Monday, March 8th.—I should hesitate to call Sir HAMAR GREENWOOD the Pooh-Bah of the Ministry, though he has something of that worthy’s sublime self-confidence and his capacity for taking any number of posts. The House, which knows him both as Under-Secretary for Foreign Affairs and Secretary to the Overseas Trade Department of the Board of Trade, was surprised to hear him answering questions relating to the nascent oil-wells in the United Kingdom, and to learn that he had become “Minister for Petroleum Affairs.” But there the likeness ceases to be exact. Pooh Bah’s interest was in palm-oil.
[Illustration: CARRYING ON.
MR. NEAL CADDIES FOR SIR ERIC GEDDES.]
A few days ago the CHANCELLOR OF THE EXCHEQUER facetiously compared the critics of the Government to the poet of Rejected Addresses who declared that it was BUONAPARTE “who makes the quartern loaf and Luddites rise.” Out of the Government’s own mouth the critics are now, at any rate, partially justified, for the PRIME MINISTER announced that the bread subsidy was to be halved, and that on and after April 12th the quartern loaf would rise—he did not quite know where.

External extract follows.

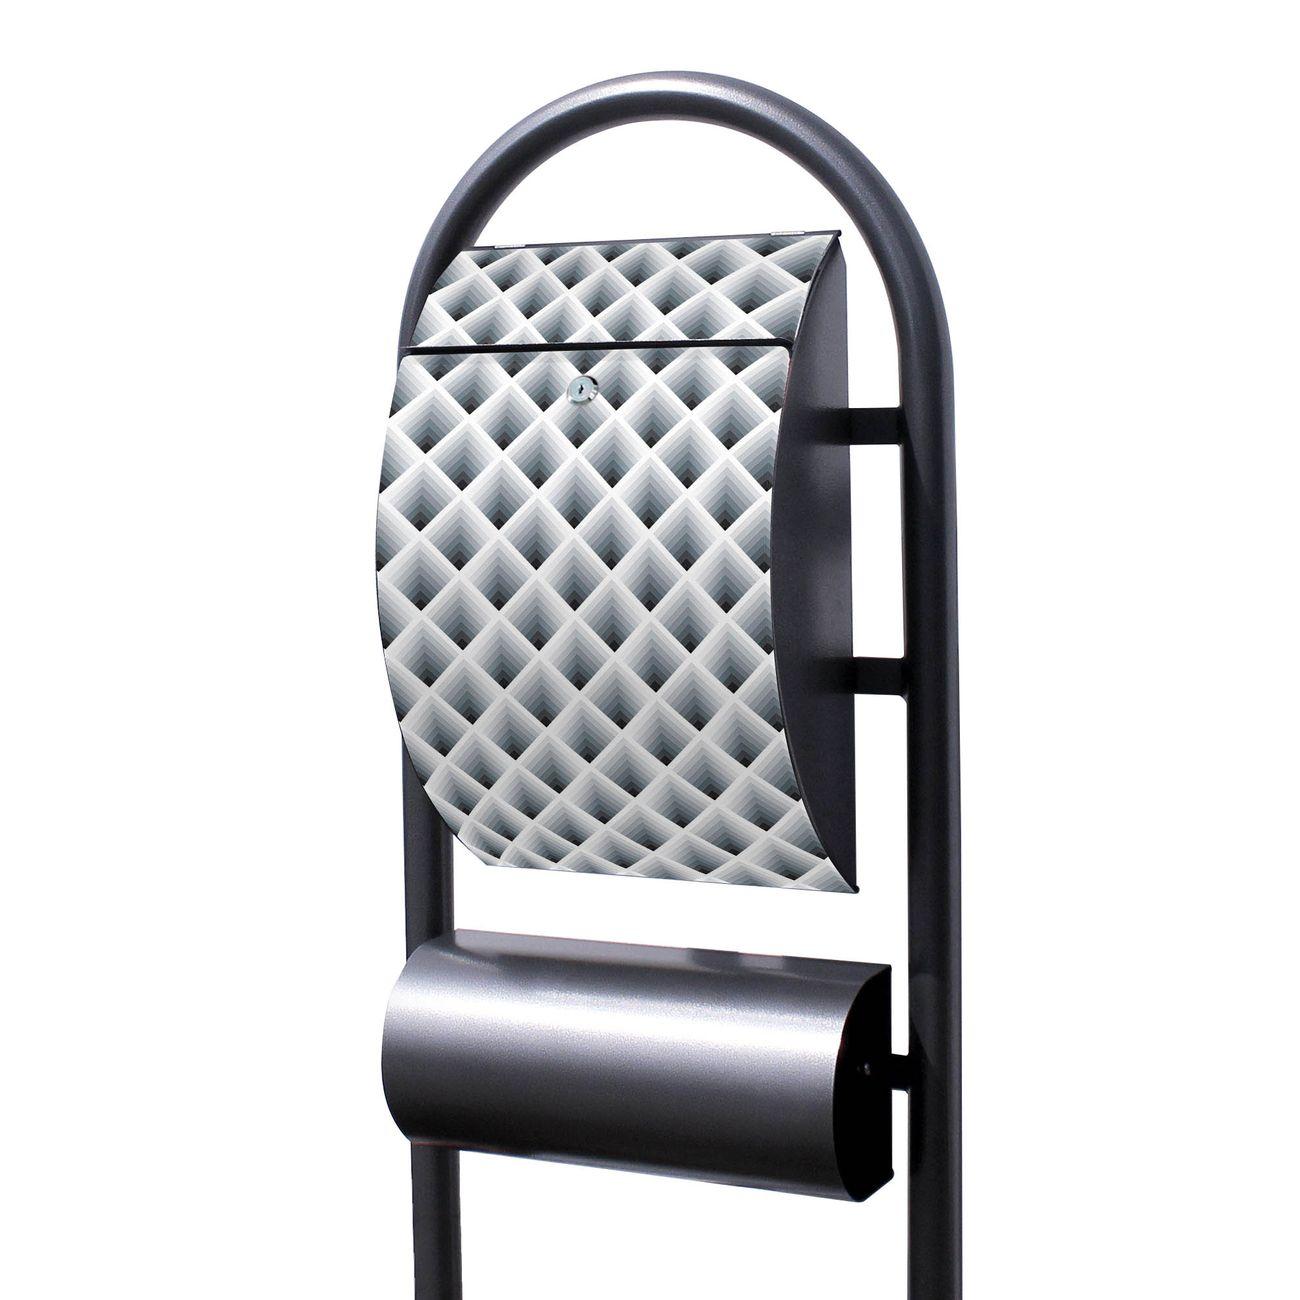 Standbriefkasten Hammerschlag Raster 3D Grau

In view of the occasional rumours of friction between Government departments it is pleasant to record that the Ministry of Transport and the War Office are on the friendliest terms. Invited to abolish, in the interests of the taxpayer, the cheap railway tickets now issued to soldiers, Mr. NEAL said it was primarily a question for the War Office, as in this matter Sir ERIC GEDDES would wish to move in harmony with Mr. CHURCHILL. As the WAR SECRETARY promptly announced his intention of doing his best to maintain the soldiers’ privilege it is conjectured that he will return from the ride with Sir ERIC inside.
The new Member for Paisley delivered his maiden speech to-night, and acquitted himself so well that in the opinion of Members many months his senior he is likely to go far. The Government had proposed to “guillotine” the remaining Supplementary Estimates in order to get them through before March 31st. Some ardent economists, mainly drawn from the Coalition, while ready to concede the end, protested against the means, and proposed that the House should make its own arrangements.
[Illustration: RARA AVIS IN TERRIS.
“Never since the days of Icarus had there been an aviator quite like the right hon. gentleman [Mr. WINSTON CHURCHILL]. He had displayed much sympathy with the Air Force and had almost been one of its martyrs.”—Lord HUGH CECIL.]
Mr. BONAR LAW promptly perceived the advantage of transferring from the Government to the House a disagreeable responsibility. Forgetting that he was cast for the executioner, not the hero, he murmured, “It is a far, far better thing,” and graciously accepted the proposed alternative. Mr. ASQUITH, not unwilling to help in establishing a precedent which some day he himself may find useful, backed him up, and the House, as a whole, congratulating itself on its escape from the public executioner, cheerfully proceeded to commit harakiri.